- [PROBLEM TO WORK ON]:
Set down again exactly the lines of the listing below that fall between the line holding "Trolls party ideas - Trolls Cupcake Stand" and the line holding "Deco mesh Mardi Gras wreaths", inclusive.

- [EXERCISE MATERIALS]:
Content starts
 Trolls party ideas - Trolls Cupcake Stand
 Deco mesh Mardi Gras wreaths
Content ends
Content starts
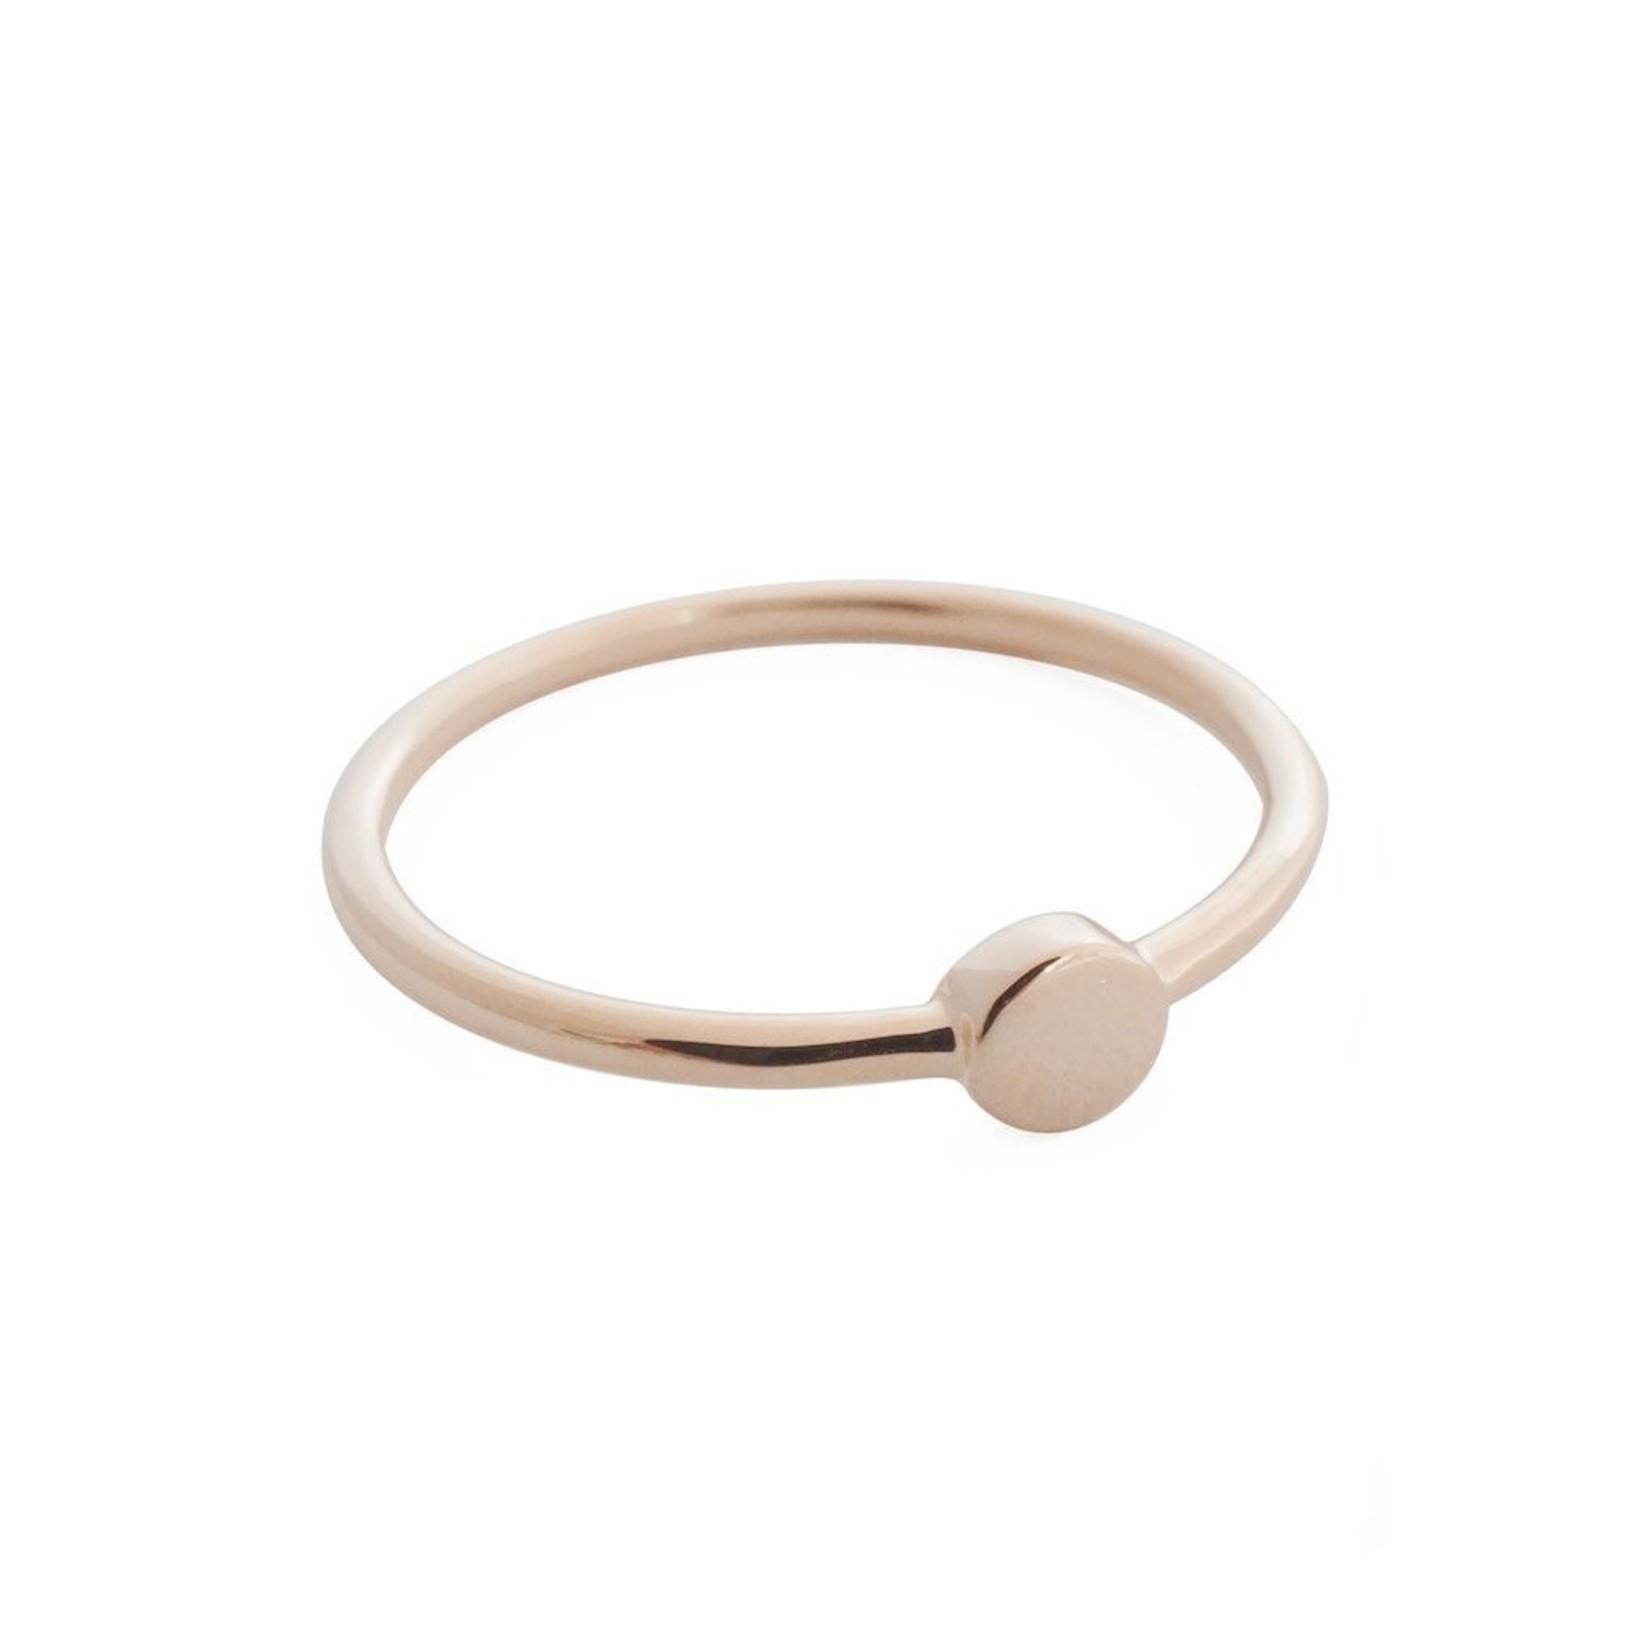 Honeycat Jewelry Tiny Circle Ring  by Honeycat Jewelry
Content ends
- [TASK SOLUTION]:
 Trolls party ideas - Trolls Cupcake Stand
 Deco mesh Mardi Gras wreaths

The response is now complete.